▶ **Stored data**
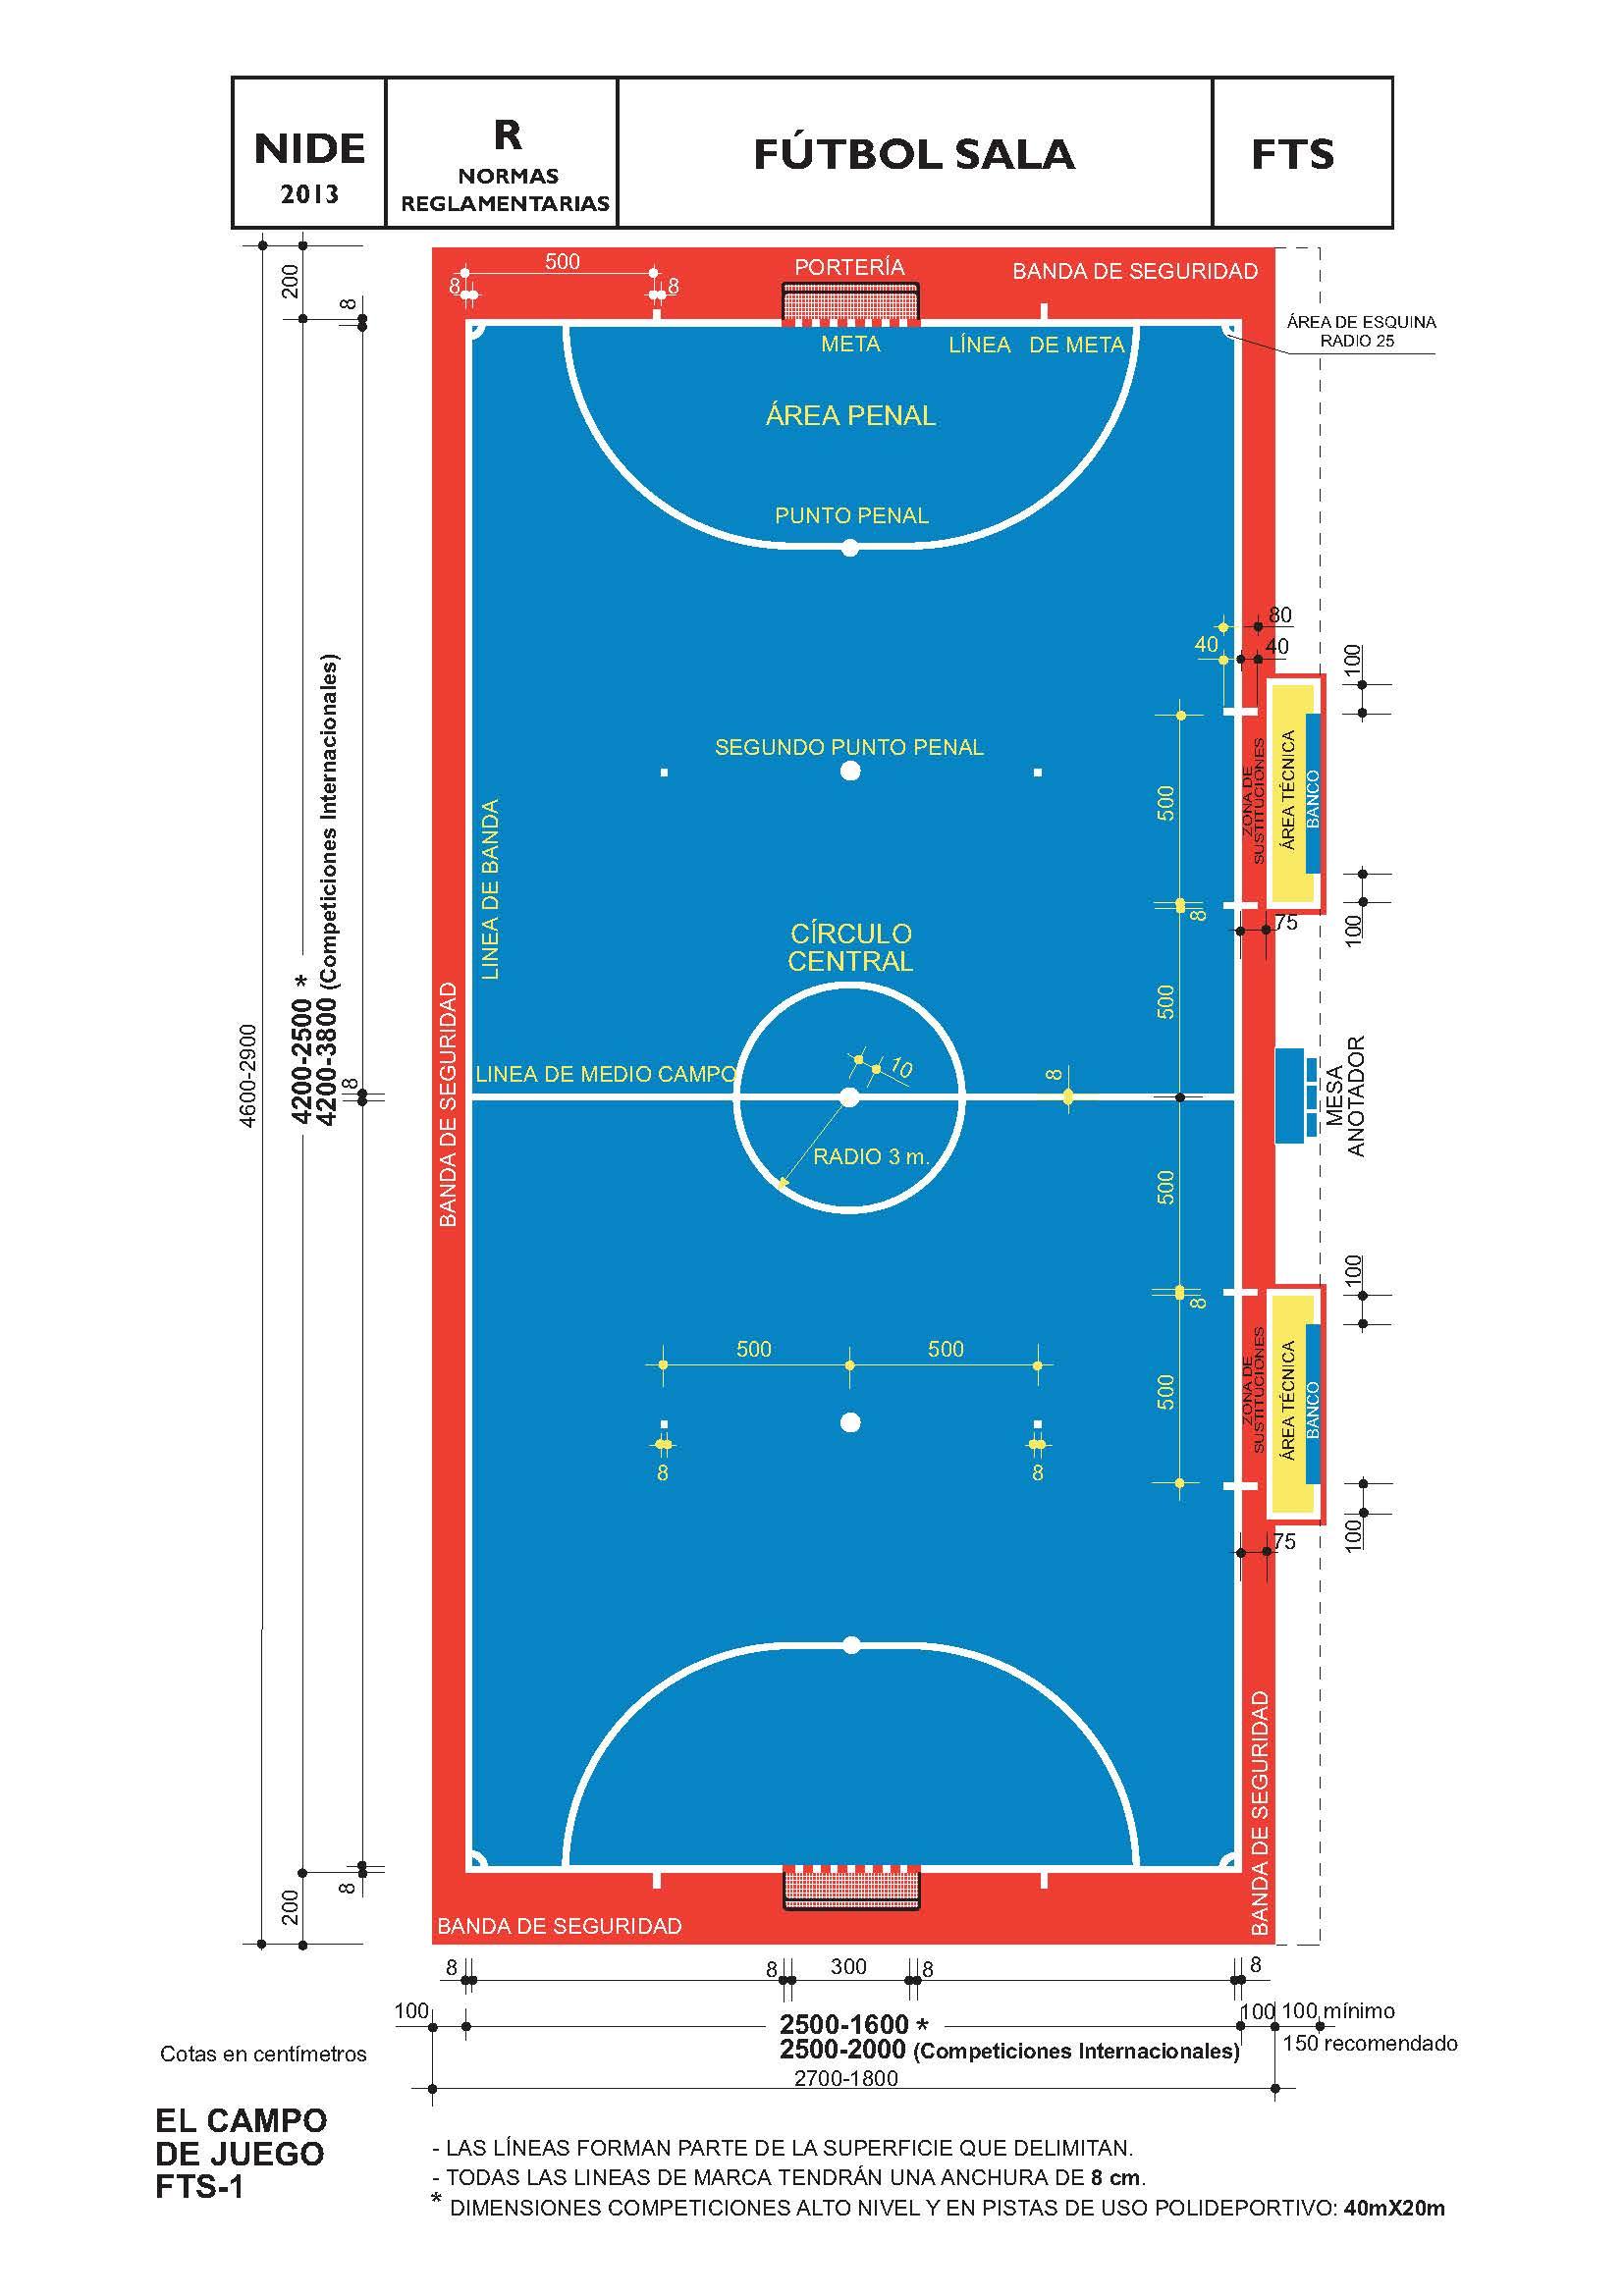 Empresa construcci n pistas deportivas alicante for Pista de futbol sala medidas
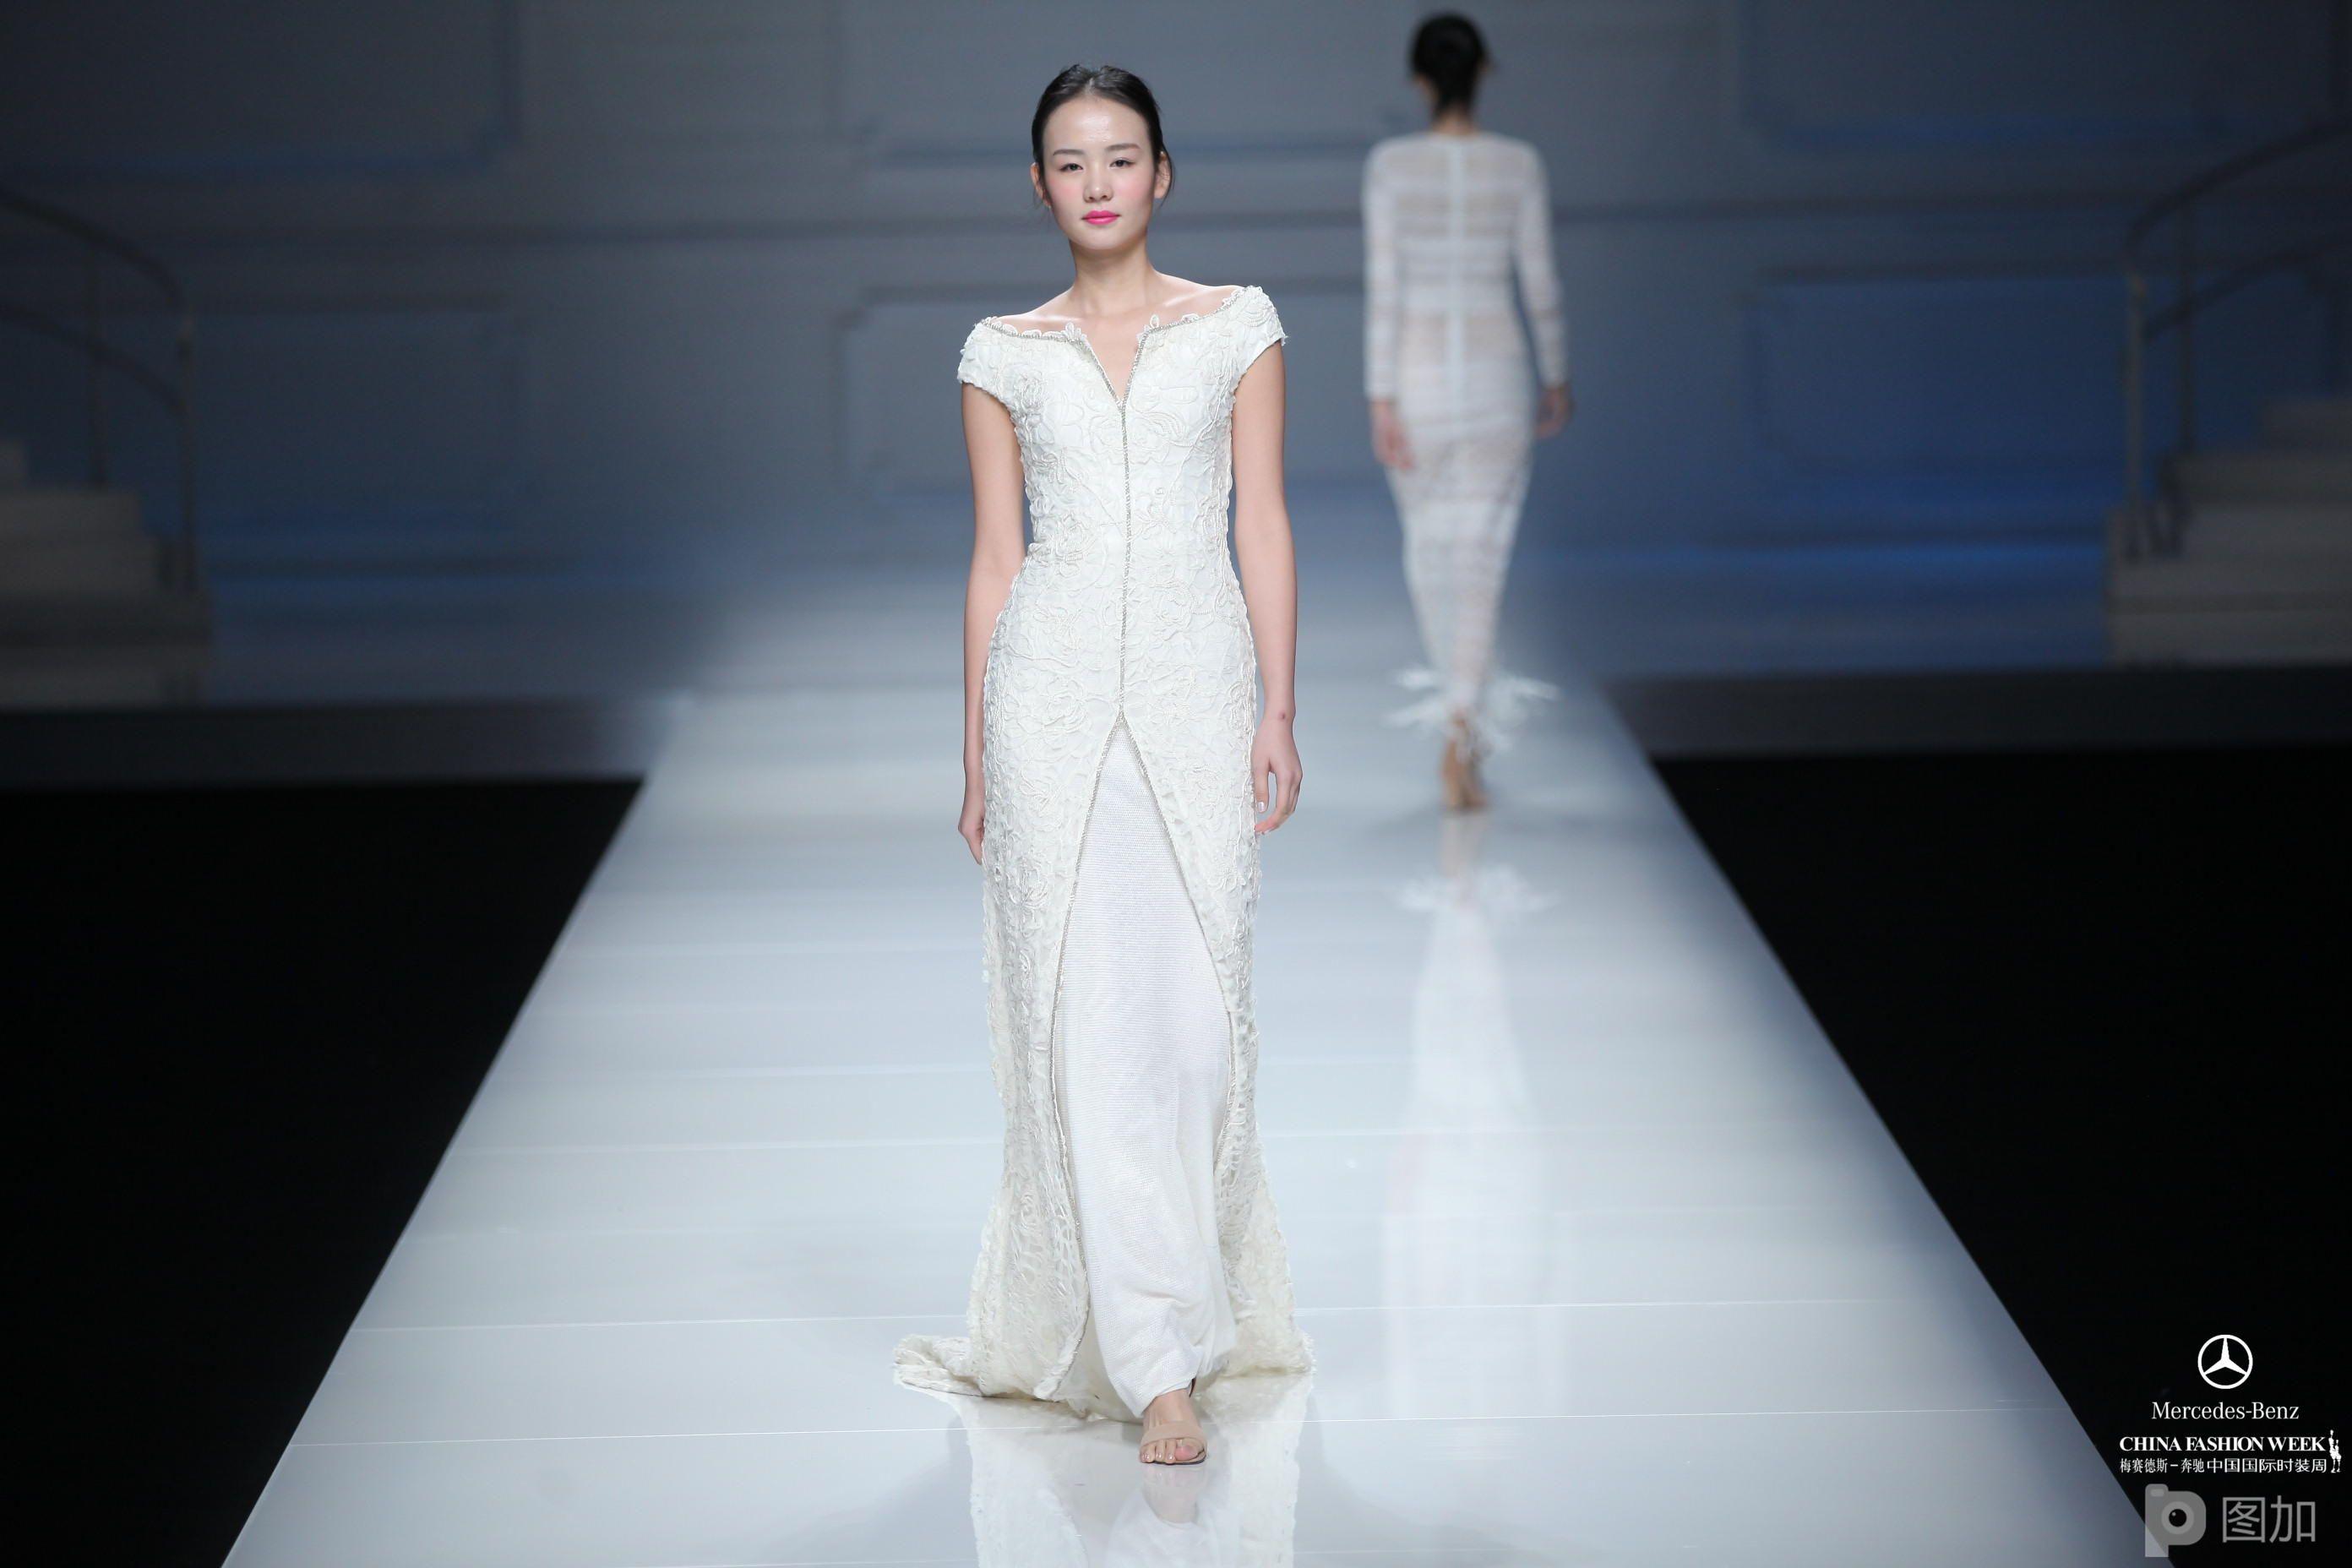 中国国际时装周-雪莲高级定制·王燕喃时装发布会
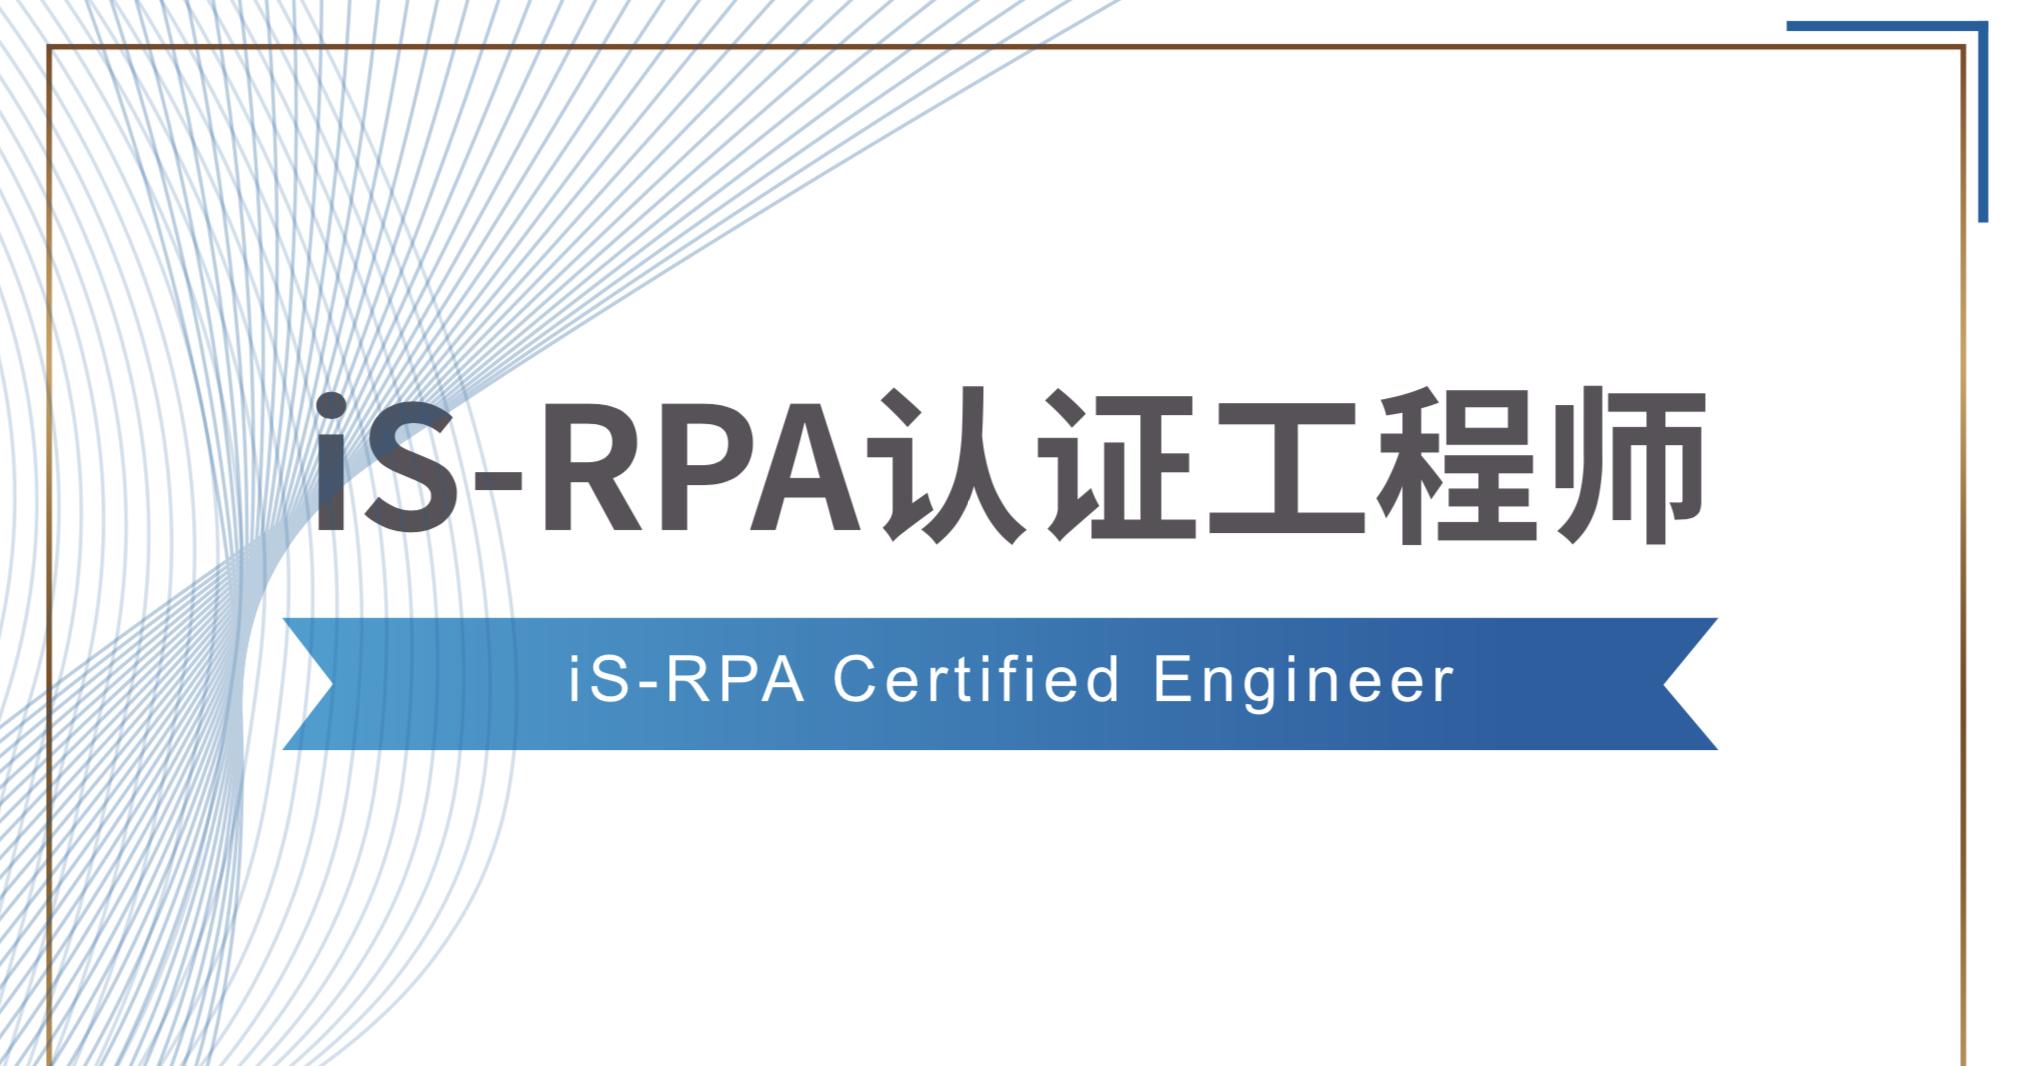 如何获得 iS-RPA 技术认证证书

▶ **Brief**
An exact printout of the listing is needed, minus any pictures it contains.

▶ **Answer space**
 Empresa construcci n pistas deportivas alicante for Pista de futbol sala medidas
 中国国际时装周-雪莲高级定制·王燕喃时装发布会
 如何获得 iS-RPA 技术认证证书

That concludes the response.